Stephens was arrested and charged at Worship Street with disorderly conduct and assault. Mr Montagu Williams, the sitting magistrate, asked the prosecutor what the man had meant by ‘Union man’.

The sandwich professed not to know so Stephens interjected from the dock:

“I asked him if he belonged to the Labourer’s Union’.

‘Union for what?’ demanded Mr Williams

‘To prevent a man working unless he belongs to it’ came Stephens’ defiant reply.

‘That is a very disgraceful union then’, snapped the magistrate.

At this Stephens pullet a small booklet from his pocket and handed it to the policeman by the dock. It was entitled ‘The Dock, Wharf, and General Labourers Union of Great Britain and Ireland’. It was stamped to show that Stephens was a fully paid up member and declared that Ben Tillett was it secretary. It was the union Tillett had formed in 1887 as the Tea Operatives and General Labourers’ Association which, from small beginnings, had swelled to over 30,000 members by the end of 1889.

Stephens was part of a growing movement of organised labour and his confidence and bravado in the dock are perhaps indicative of how union members felt in the wake of their victory that year. Montagu Williams was neither impressed nor intimidated however, and was seemingly resolved to reassert the authority of the ruling class in the face of such an upstart.

‘You are one of those men that get up these Unions and strikes’, he told him. ‘You are all talk, and there is no work in you. Well I will teach you, and others like you that you shall not interfere with men who choose to work, you will go to prison for 21 days’.

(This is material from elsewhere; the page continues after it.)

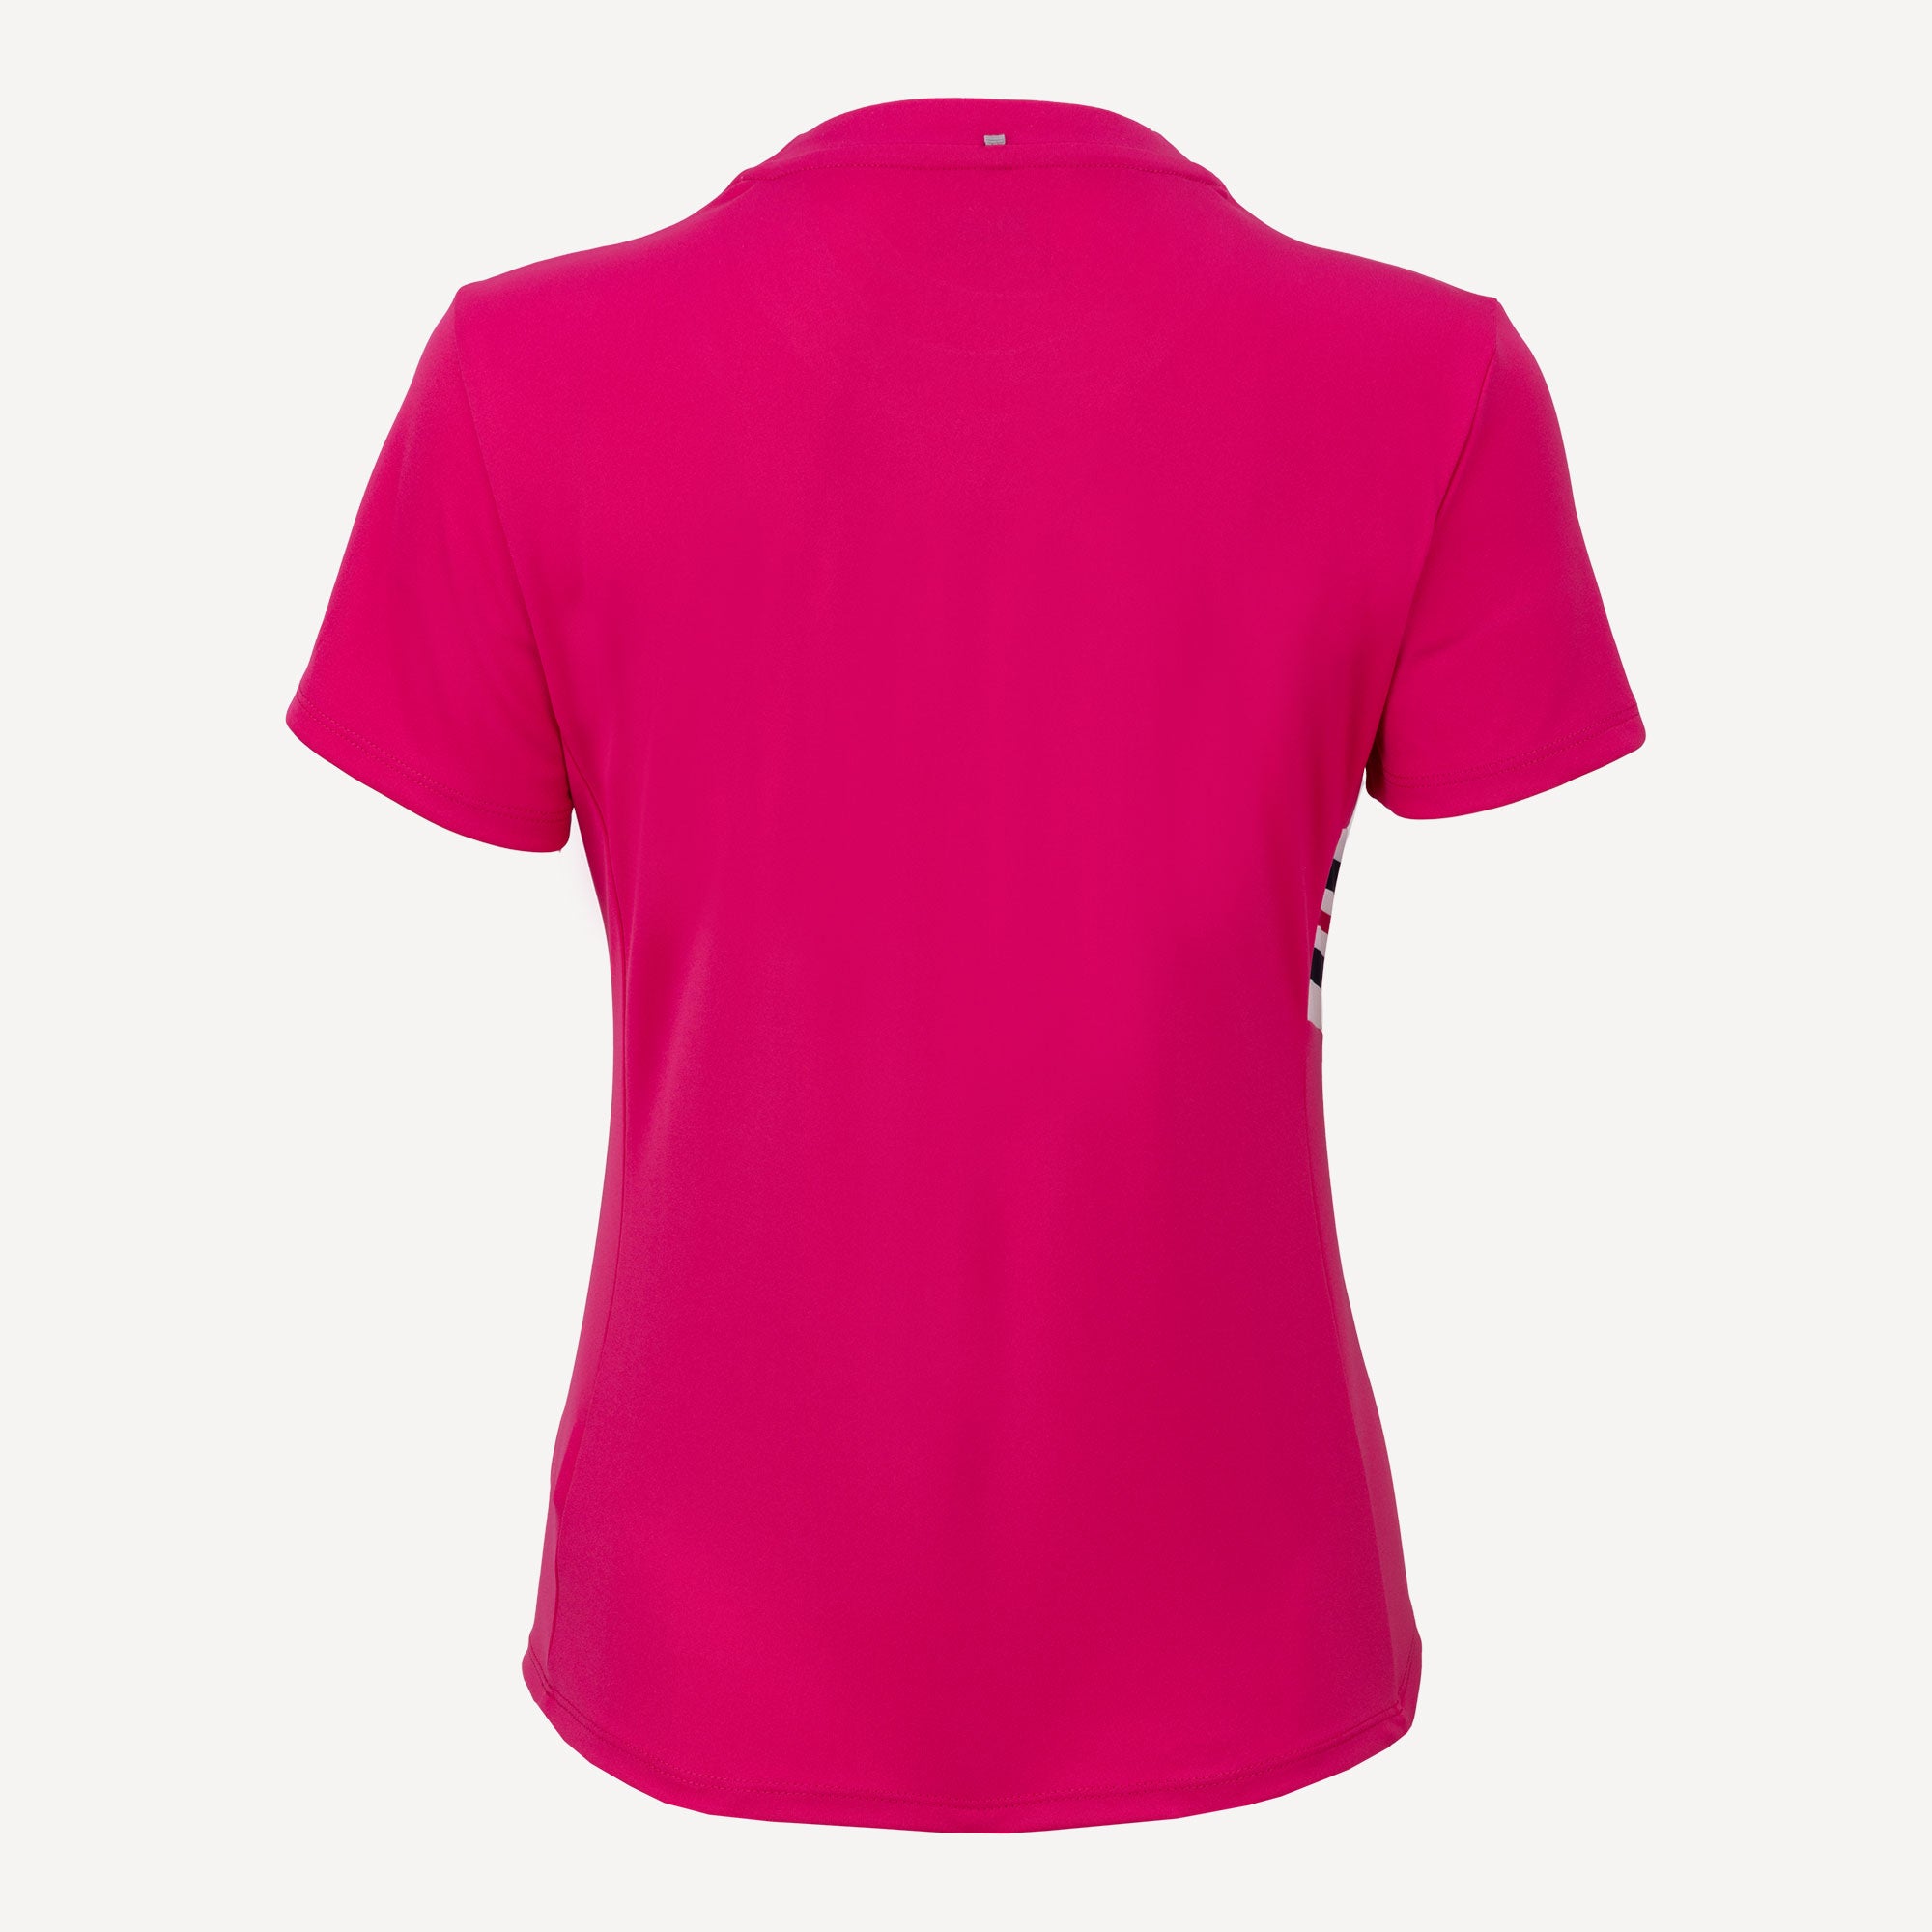 Fila Paula Women's Tennis Shirt Pink (2)
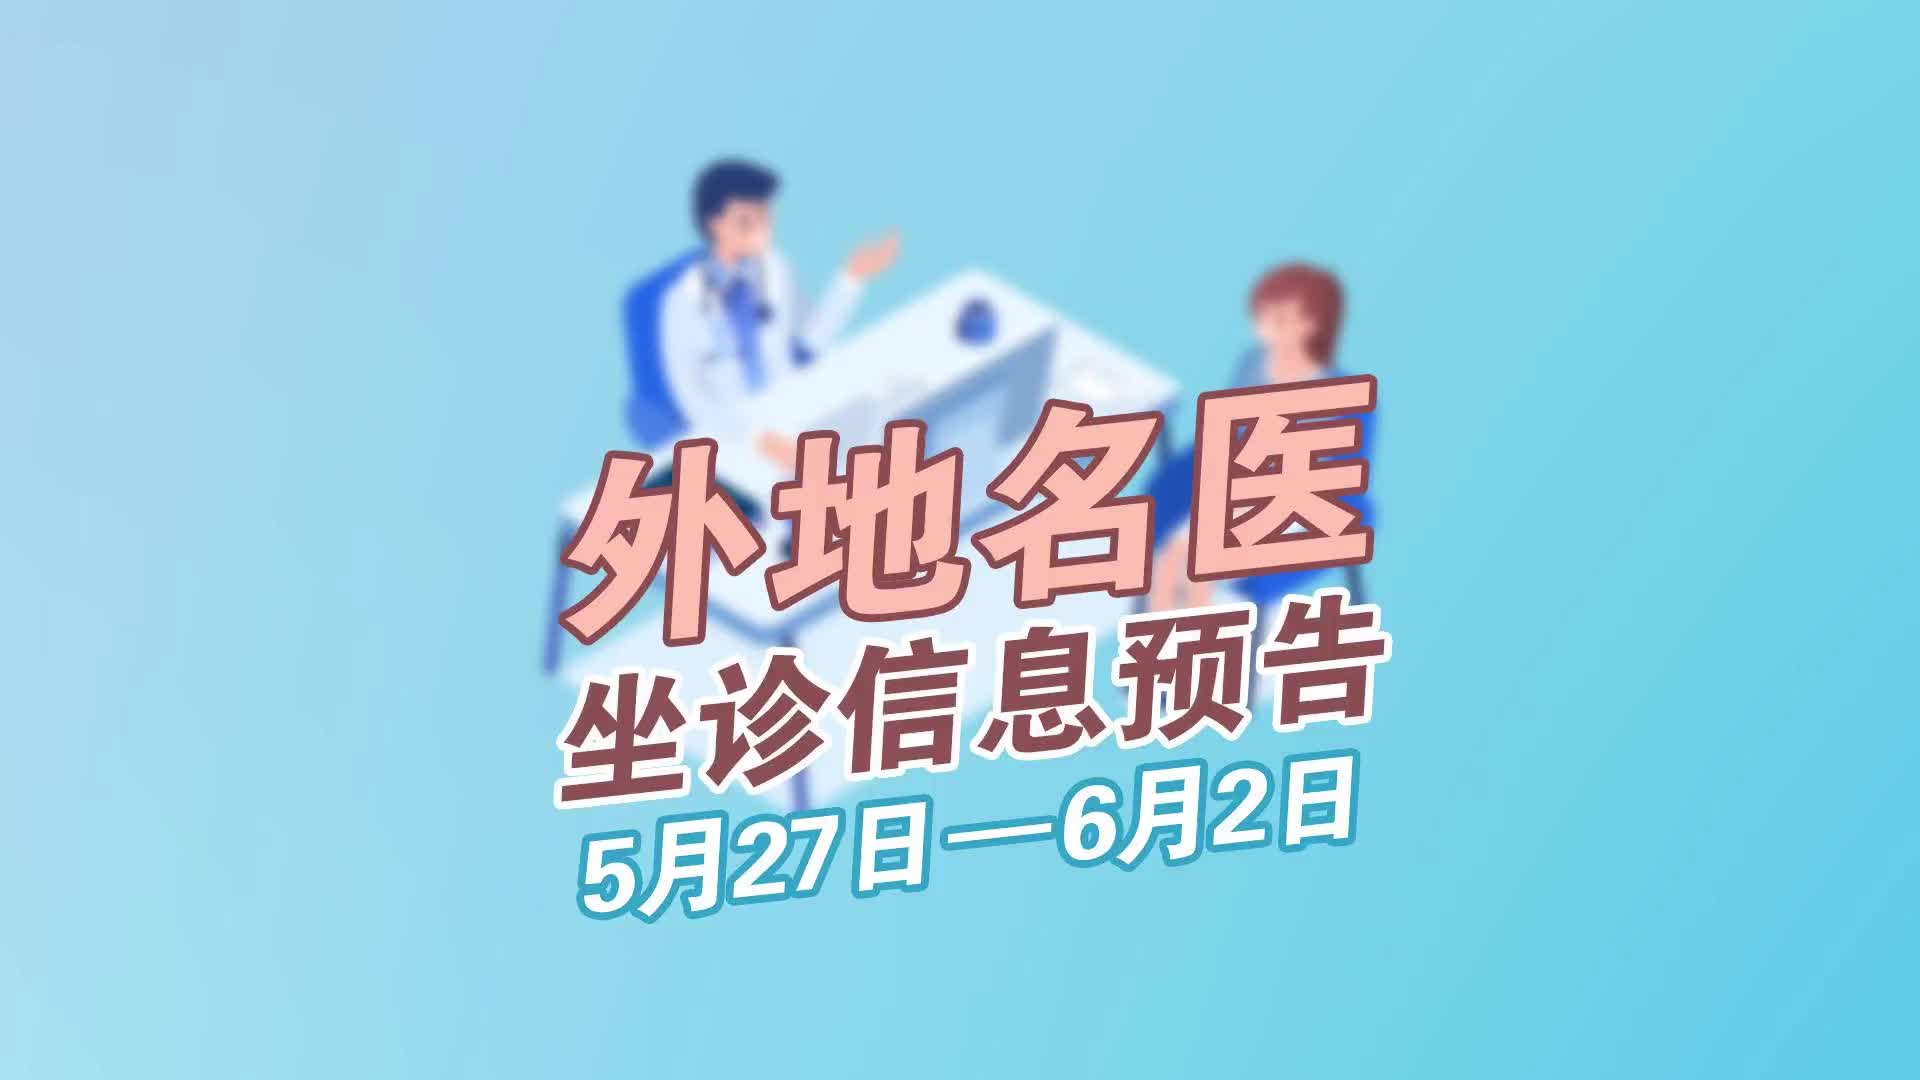 更济宁 | 外地名医坐诊信息预告 5月27日-6月2日

Stephens was led away, still shouting the odds defiantly. He would spend Christmas in gaol that year.

[from The Standard, Saturday, December 21, 1889]

For more posts related to late 19th century Trade Unionism and its contexts see:

Striking workers in West Ham are thwarted with the help of the bench

Assault on the docks

Exploiting workers in the late 19th century ‘rag trade’.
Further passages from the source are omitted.